Upon completing his work on the t-distribution, Gosset was eager to make his work public. It was an important finding, and one he wanted to share with the wider world. The managers of Guinness were not so keen on this. They realized they had an advantage over the competition by using this method, and were not excited about relinquishing that leg up. If Gosset were to publish the paper, other breweries would be on to them.
So they came to a compromise. Guinness agreed to allow Gosset to publish the finding, as long as he used a pseudonym. This way, competitors would not be able to realize that someone on Guinness’s payroll was doing such research, and figure out that the company’s scientifically enlightened approach was key to their success.
So Gosset published his article introducing the t-distribution, “The Probable Error of the Mean”, under the name “Student.” “The Probable Error of the Mean” is a relatively dry piece of work, mostly made up of mathematical derivations and a Monte Carlo simulation to demonstrate the accuracy of his method.
Though Gosset’s paper was, at the outset, mostly ignored by statistical researchers, a young mathematician named R.A. Fisher read the paper and was exhilarated by Gosset’s results and approach.
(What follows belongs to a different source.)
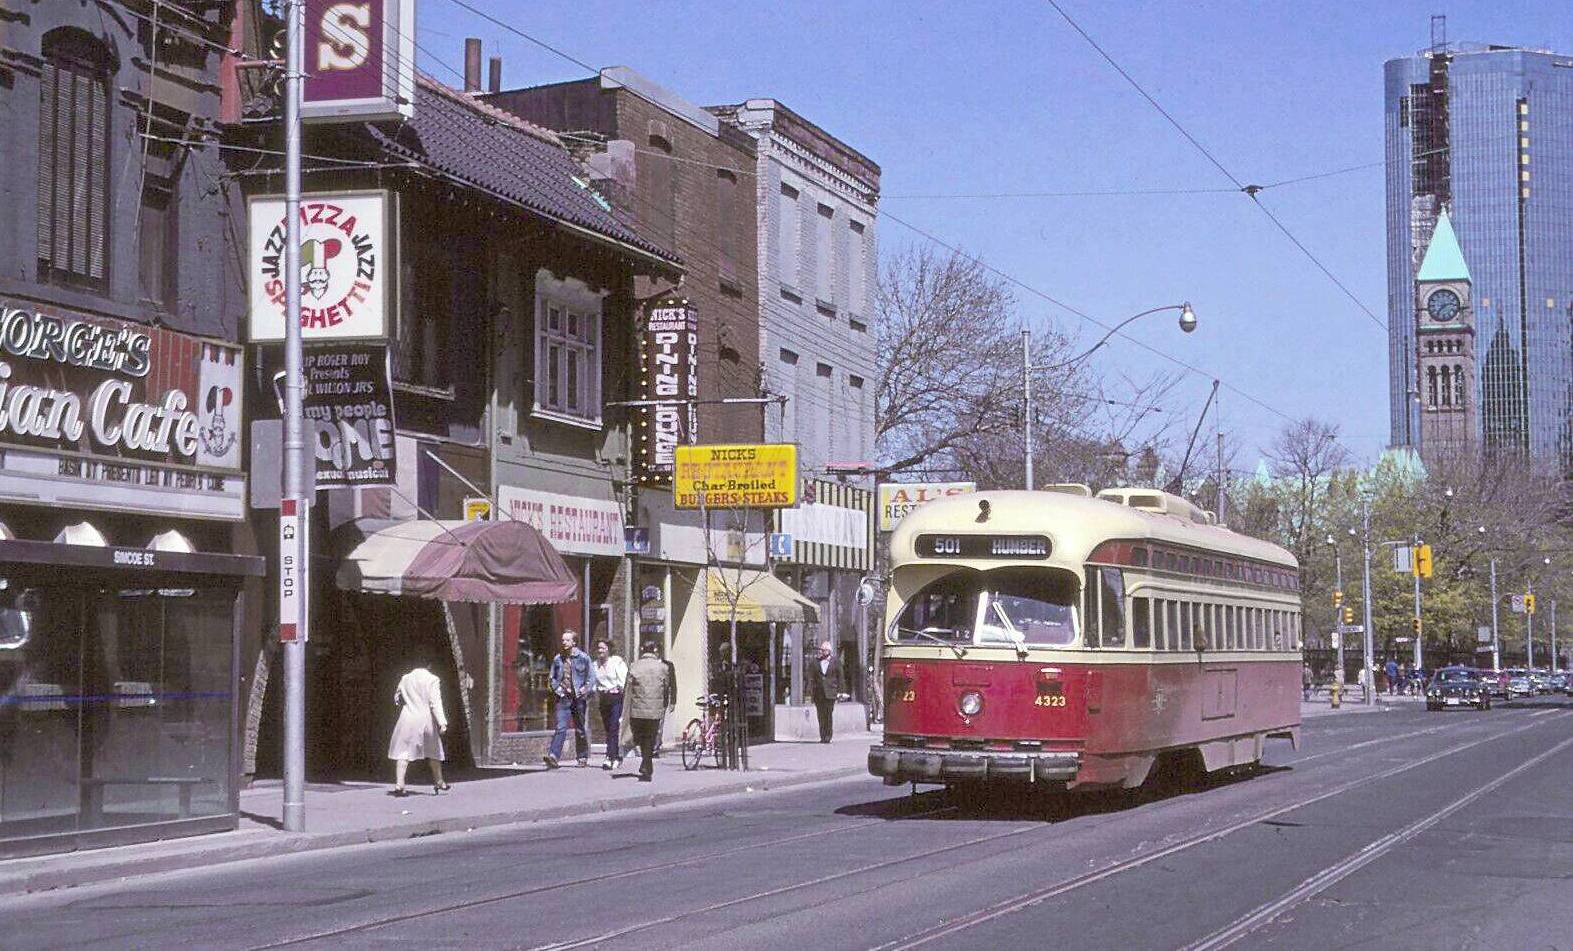 PHOTO - TORONTO - QUEEN STREET JUST W OF UNIVERSITY - LOOKING E - PCC STREETCAR - RESTAURANTS - OLD CITY HALL IN BACKGROUND - 1981

Fisher was especially taken by the Gosset’s idea that his distribution table could be used to get a sense of how likely a certain result would be, compared to random chance, and that if the chances were low, we might consider the result “significant.” Fisher’s response to Gosset’s work would have major ramifications for modern science.
R.A. Fisher is the “Father of Modern Statistics” and, perhaps unfortunately, extended Gosset’s ideas in a more stringent direction.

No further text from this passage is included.